Extracted records:
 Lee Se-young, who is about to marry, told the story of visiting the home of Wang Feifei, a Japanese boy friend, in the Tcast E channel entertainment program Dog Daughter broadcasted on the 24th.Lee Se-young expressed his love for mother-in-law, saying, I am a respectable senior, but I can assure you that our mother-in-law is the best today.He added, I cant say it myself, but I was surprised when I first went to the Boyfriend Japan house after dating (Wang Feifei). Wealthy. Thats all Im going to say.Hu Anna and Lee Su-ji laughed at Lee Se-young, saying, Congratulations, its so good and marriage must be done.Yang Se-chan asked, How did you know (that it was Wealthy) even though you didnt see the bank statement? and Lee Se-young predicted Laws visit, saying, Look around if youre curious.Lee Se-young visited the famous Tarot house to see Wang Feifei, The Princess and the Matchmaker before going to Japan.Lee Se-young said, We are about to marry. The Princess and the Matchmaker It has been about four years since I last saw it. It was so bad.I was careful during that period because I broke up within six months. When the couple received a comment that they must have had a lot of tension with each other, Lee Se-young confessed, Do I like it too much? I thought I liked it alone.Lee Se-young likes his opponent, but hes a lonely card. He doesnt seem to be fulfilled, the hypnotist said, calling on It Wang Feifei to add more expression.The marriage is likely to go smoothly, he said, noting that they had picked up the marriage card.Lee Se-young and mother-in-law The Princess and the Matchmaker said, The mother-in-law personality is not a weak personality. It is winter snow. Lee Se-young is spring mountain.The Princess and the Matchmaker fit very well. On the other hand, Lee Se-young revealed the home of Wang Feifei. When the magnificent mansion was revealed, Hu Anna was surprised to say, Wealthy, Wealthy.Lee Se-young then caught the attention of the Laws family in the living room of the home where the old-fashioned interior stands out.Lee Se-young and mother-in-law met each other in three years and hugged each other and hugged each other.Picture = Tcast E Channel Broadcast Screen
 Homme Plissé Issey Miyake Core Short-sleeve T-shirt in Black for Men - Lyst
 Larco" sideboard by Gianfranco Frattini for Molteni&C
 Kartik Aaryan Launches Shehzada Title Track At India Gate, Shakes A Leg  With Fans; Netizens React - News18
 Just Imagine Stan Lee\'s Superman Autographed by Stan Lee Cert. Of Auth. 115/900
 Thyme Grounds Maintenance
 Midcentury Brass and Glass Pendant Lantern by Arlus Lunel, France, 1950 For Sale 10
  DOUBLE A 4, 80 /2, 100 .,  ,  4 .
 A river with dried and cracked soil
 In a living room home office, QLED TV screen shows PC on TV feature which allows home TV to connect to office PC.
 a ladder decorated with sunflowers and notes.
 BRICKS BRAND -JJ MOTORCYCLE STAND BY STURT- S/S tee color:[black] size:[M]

- **The problem**
The lines to write out run from the one with "Thyme Grounds Maintenance" through the end of the records. Give them exactly, and only them.

- **The answer**
 Thyme Grounds Maintenance
 Midcentury Brass and Glass Pendant Lantern by Arlus Lunel, France, 1950 For Sale 10
  DOUBLE A 4, 80 /2, 100 .,  ,  4 .
 A river with dried and cracked soil
 In a living room home office, QLED TV screen shows PC on TV feature which allows home TV to connect to office PC.
 a ladder decorated with sunflowers and notes.
 BRICKS BRAND -JJ MOTORCYCLE STAND BY STURT- S/S tee color:[black] size:[M]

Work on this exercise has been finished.